This result has two caveats: (1) Through the use of positive and negative payoffs, the gain from deviation is large compared to the expected payoff, only because the latter is small due to cancellation of positive and negative payoffs. Namely, the gain from deviation may be very small compared to the expected magnitude of the payoff. (2) It only applies to the more restrictive notion (thus rendering the hardness result weaker) of well-supported approximate equilibrium; i.e. an equilibrium where every action in the support has to be approximately optimal. Showing \PPAD-hardness for both positive payoffs and general (non well-supported) approximate equilibrium were left as open questions in . Recently, the first question was settled in where it was shown that finding a relative $\varepsilon$ -well-supported Nash equilibrium with positive payoffs is indeed \PPAD-complete.

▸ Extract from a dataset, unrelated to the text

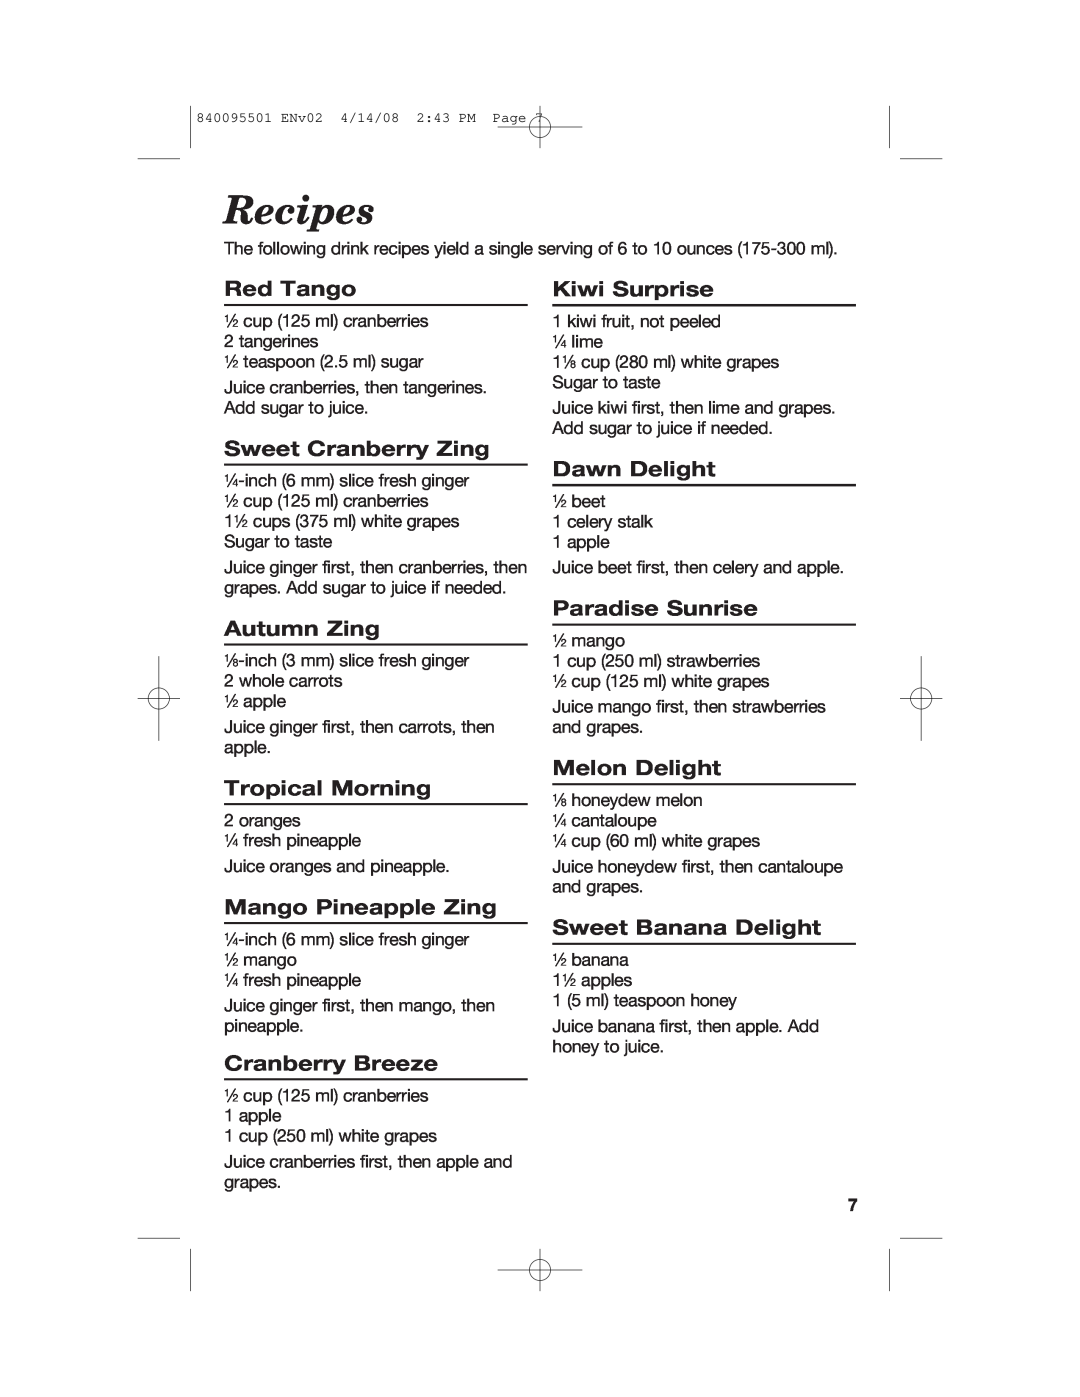 Hamilton Beach 840095501 manual Recipes 
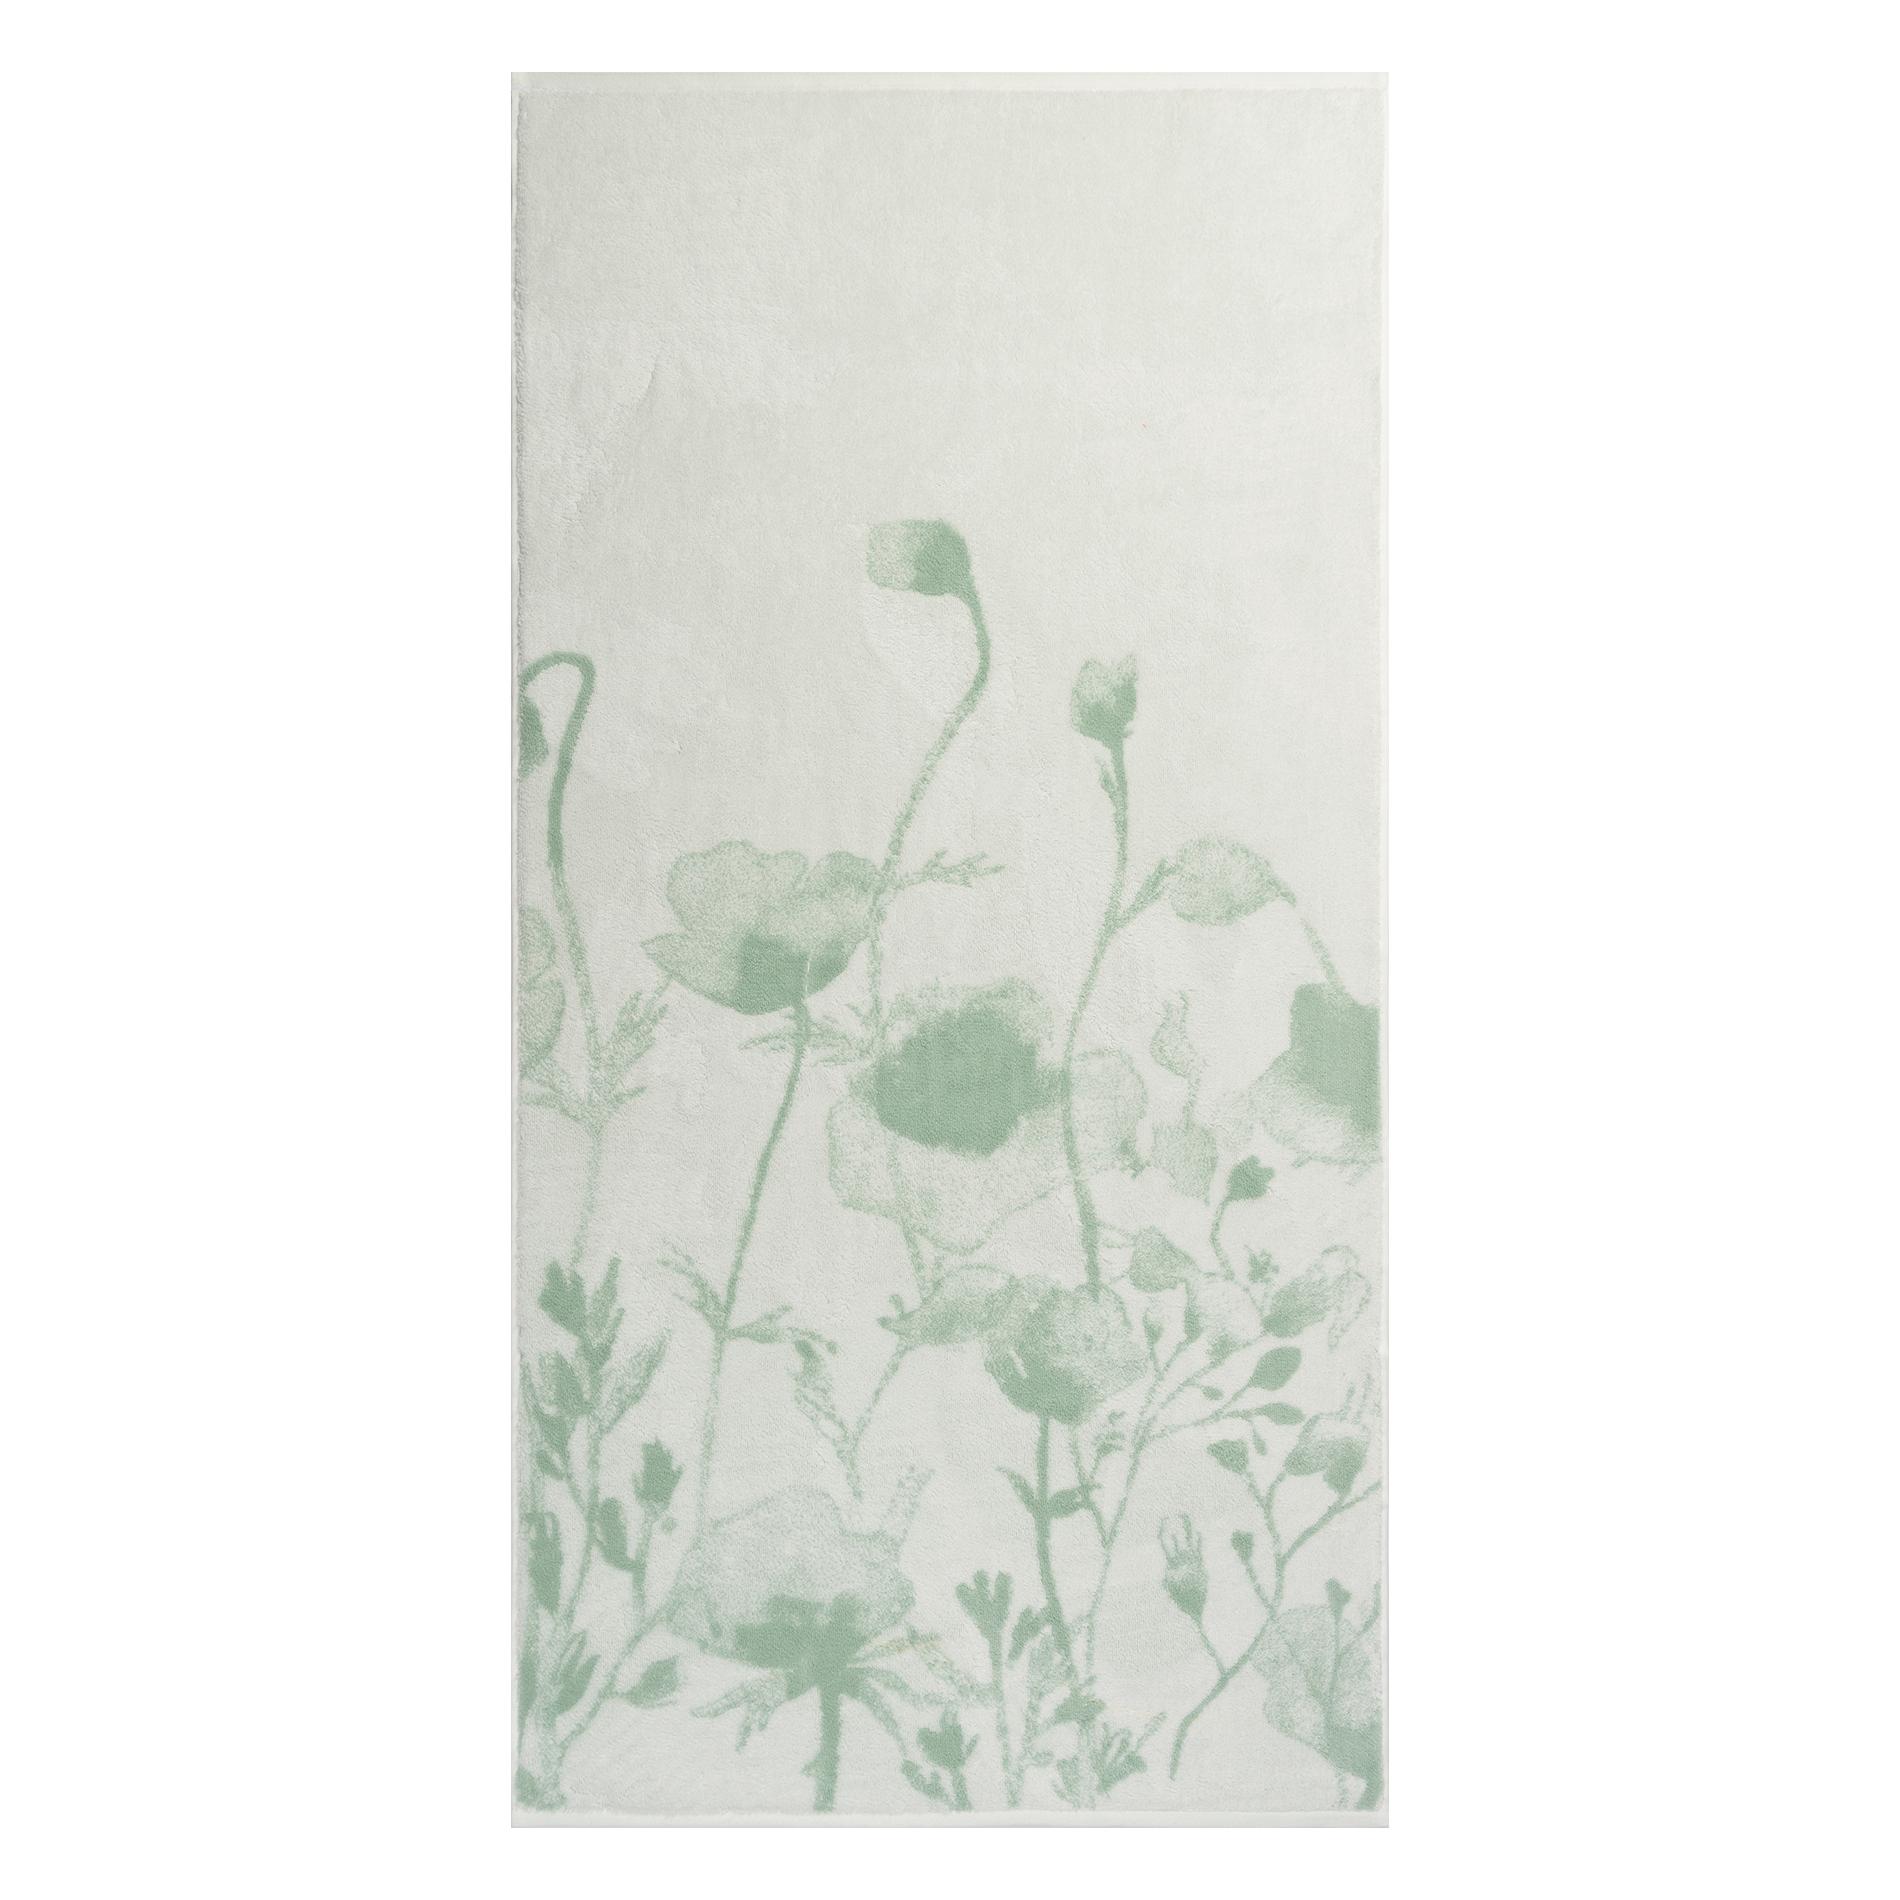 Махровое полотенце Cleanelly Luce verde белое с зеленым 70х140 см полотенце eumenia 70x140 см белое

Here, assuming Conjecture 2, we settle the second question: we show that finding any relative $\varepsilon$ -approximate Nash equilibrium is \PPAD-complete. Furthermore, in our hard instance the row player has only positive payoffs and the column player has only negative payoffs, and so there is no cancellation of payoffs as in the construction of .

Assuming Conjecture 2 there exists a constant $\varepsilon^{\prime}=\Theta\left(\varepsilon\cdot\delta^{3}\right)>0$ such that finding a relative $\varepsilon^{\prime}$ -approximate Nash equilibrium (ANE) in a bimatrix game where the row player’s payoffs are non-negative and the column player’s payoffs are non-positive is \PPAD-complete.

Proving a similar theorem when both players have positive payoffs remains an interesting open question. In fact, we do not know of any instances with positive payoffs where all $\varepsilon$ -approximate Nash equilibria must have large (e.g., linear, or even super-logarithmic) support.

We reduce from the problem of finding an (additive) $\left(\varepsilon,\delta\right)$ -Nash in a bipartite, degree $3$ , polymatrix game with two actions per player. We construct a main game where the bimatrix game players (henceforth just players) control the nodes of the polymatrix game, and two side games that guarantee that each player randomizes (approximately) uniformly over all her nodes.

We let the row player “control” the nodes on one side of the bipartite game graph, and let the column player control the nodes on the other side. Namely, let $n$ be the number of nodes on each side of the graph; each player has $2n$ actions, each corresponding to a choice of node and an action for that node. When the players play strategies that correspond to adjacent nodes in the graphs, they receive the payoffs of the corresponding nodes, scaled (by a small positive constant $\eta=O\left(\delta^{2}\right)$ ) and shifted to fit in the intervals: $\left[1,1+\eta\right]$ for the row player, and $\left[-\left(1+\eta\right),-1\right]$ for the column player. If the nodes played do not share an edge in the bipartite game graph, the utility for both players is zero. Notice that if either player chooses her node uniformly at random (and chooses the action for that node arbitrarily), then the expected payoff is in $\frac{3}{n}\cdot\left[1,1+\eta\right]$ for the row player, and in $\frac{3}{n}\cdot\left[-\left(1+\eta\right),-1\right]$ for the column player.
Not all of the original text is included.